Scaling and other advances in silicon (Si) technology have brought about compact, high-performance SiGe bipolar and CMOS transistors and various RF, microwave, and mm-wave circuits implemented in Si technology. Si is an ideal technology for implementing an entire electronic system, as the various components of the system (e.g., digital, analog, memory, and RF components) can be integrated on a single substrate or chip. One bottleneck for Si-based, single-chip design in many applications is the implementation of a high-performance power amplifier.
While the feasibility of Si-based power amplifiers on a Si substrate has recently been demonstrated, commercially available designs provide relatively low output power and low-efficiency performance (“efficiency” being defined herein as the ratio of RF output power to the direct-current (DC) power dissipated by the circuit). The relatively poor performance of Si-based power amplifiers has been attributed to an inherent trade-off between the speed of a Si transistor and its breakdown voltages. As a result of this trade-off, high-speed Si transistors optimized for RF and microwave applications have relatively low breakdown voltages (e.g., ranging from about 1.2V to several volts). The output swing voltage of a Si power transistor is typically limited by the low breakdown voltage of the transistor, requiring an increase in the output signal current in order to boost the output power. Traditionally, the design of Si-based power amplifiers has been accomplished using wide transistors driven at very high currents. Parallel combinations of large transistors and power-combining architectures have also typically been necessary to boost the output power of the amplifier.
Some power amplifier designs relying on series-stacked transistors have been proposed. For example, J. Jeong et al., “A 20 dBm Linear RF Power Amplifier Using Stacked Silicon-on-Sapphire MOSFETs,” 16 IEEE Microwave & Wireless Components Letters 684-686 (2006), the entire disclosure of which is expressly incorporated herein by reference, describes the use of stacked transistors in Silicon-on-Sapphire (SOS) and Silicon-on-Insulator (SOI) technologies to boost the output swing voltage and output impedance. S. Pornpromlikit et al., “A Watt-Level Stacked-FET Linear Power Amplifier in Silicon-on-Insulator CMOS,” 58 IEEE Transactions on Microwave Theory & Techniques 57-64 (2010), the entire disclosure of which is expressly incorporated herein by reference, describes a similar approach. As explained in those references, the gate of each transistor is biased at a fixed voltage, and the voltage swings are therefore limited by the gate oxide breakdown. This limitation prevents stacking more than four transistors and/or applying large bias voltages.

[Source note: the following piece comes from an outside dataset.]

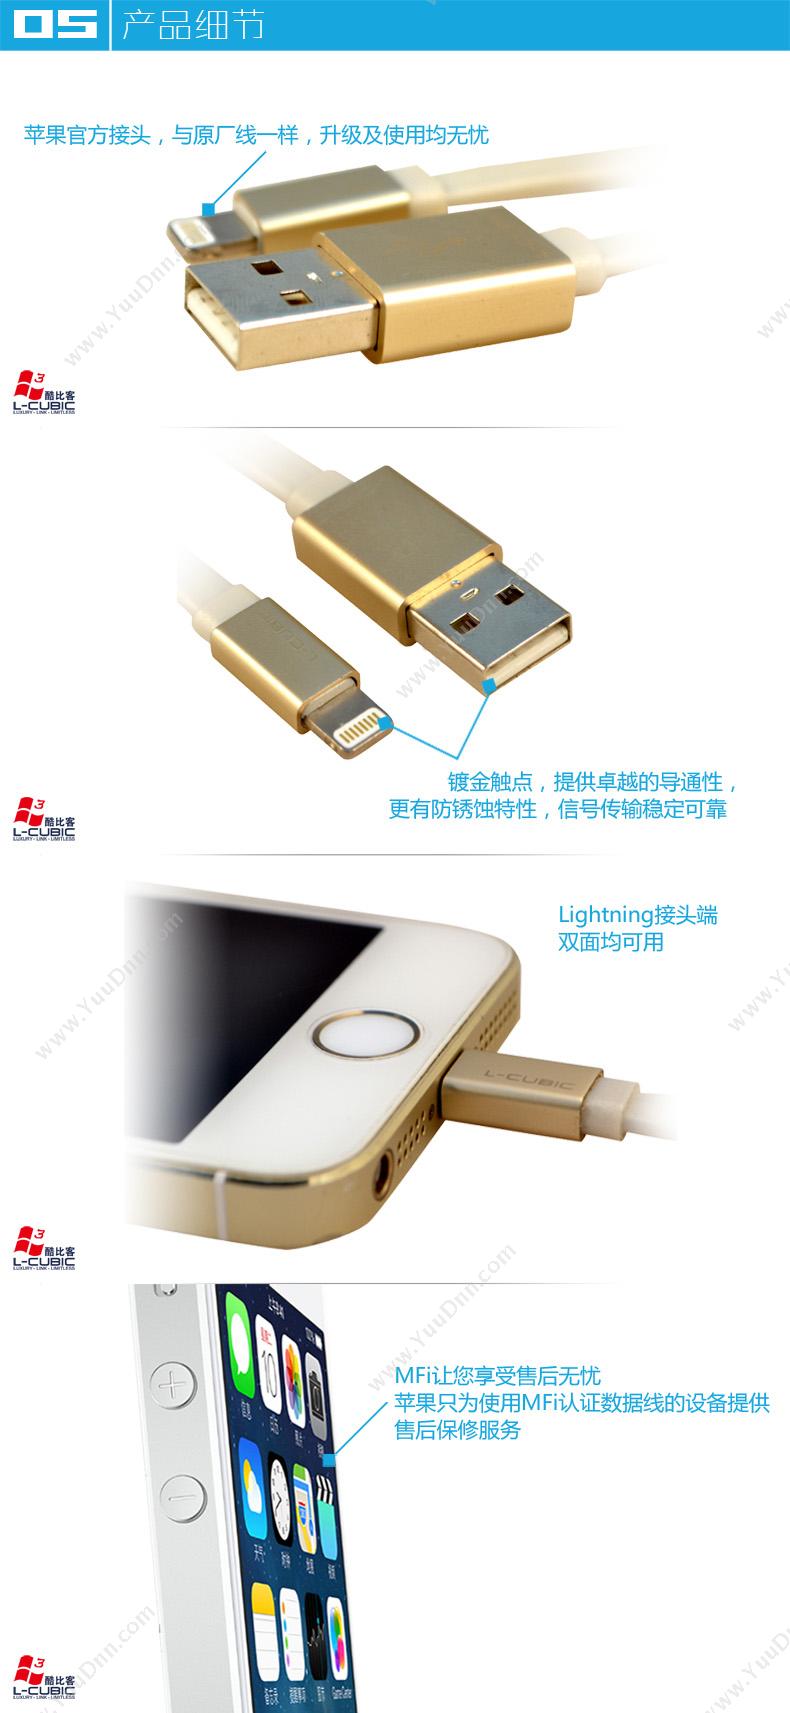 酷比客 L-Cubic LCIMAPSBMCWHSV-2M  苹果数据线 金属外壳/白色扁线 银色 1根 USB AM-Lightning用于iPhone5 iPhone5s iPhone6 Plus iPad4 数据传输与充电 苹果数据线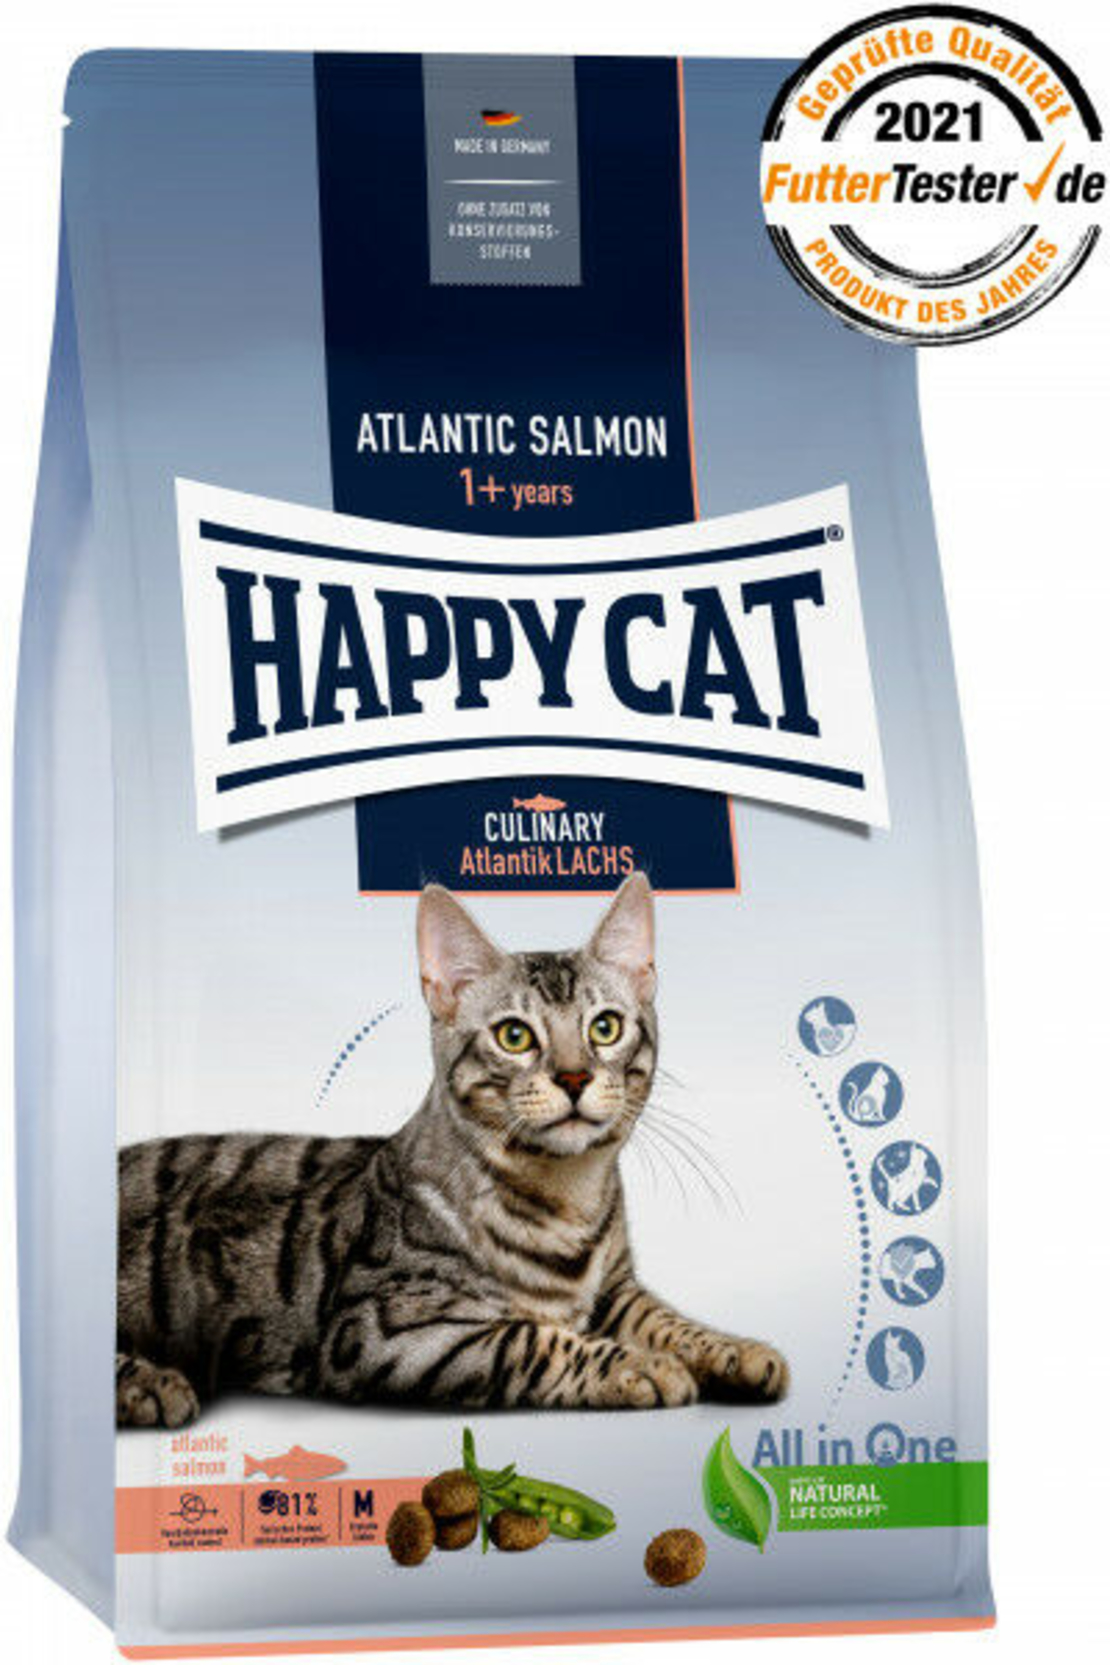 מזון לחתולים הפי קט קולינרי עם סלמון לחתולים בוגרים 300 גרם| happy cat culinary atlantik lachs atlantic salmon

U.S. Pat. No. 6,888,396 to A. Hajimiri et al. (Hajimiri), the entire disclosure of which is expressly incorporated herein by reference, presents several designs for stacking field-effect transistors (FET) and bipolar transistors to construct multi-cascode cells. The majority of the circuit designs described in Hajimiri are fixed gate-bias topologies and suffer from the drawbacks of gate oxide breakdown described above. The design presented in FIG. 9 of Hajimiri utilizes transformer coupling to overcome gate oxide breakdown but does not allow biasing of the gate-source of individual transistors (thus, resulting in low efficiency and precluding use in linear power amplifiers). The circuit design shown in FIG. 7 of Hajimiri, on the other hand, requires diodes that are not readily available in standard bulk and silicon-on-insulator (SOI) CMOS integrated circuit processes (thus, defeating the goal of a single substrate, without resort to a BiCMOS process).
The use of feedback resistors for the self-biasing of stacked FETs and bipolar transistors (in order to boost the output voltage of the amplifier) is described in J. G. McRory et al., “Transformer Coupled Stacked FET Power Amplifiers,” 34 IEEE J. Solid-State Circuits 157-161 (1999), M. Lei et al., “Design and Analysis of Stacked Power Amplifier in Series-Input and Series-Output Configuration,” 55 IEEE Transactions on Microwave Theory & Techniques 2802-2812 (2007), and U.S. Patent Publication No. 2009/0115529 to S. Chao et al., the entire disclosures of which are each expressly incorporated herein by reference. In theory, this approach protects the stacked structure from both source-drain reach-through and gate oxide breakdown under high voltage swings. In practice, however, introducing feedback resistors results in instability, particularly when the number of stacked transistors increases (thereby increasing the positive feedback signal). Thus, these designs are also limited to a maximum of four stacked transistors for optimum performance.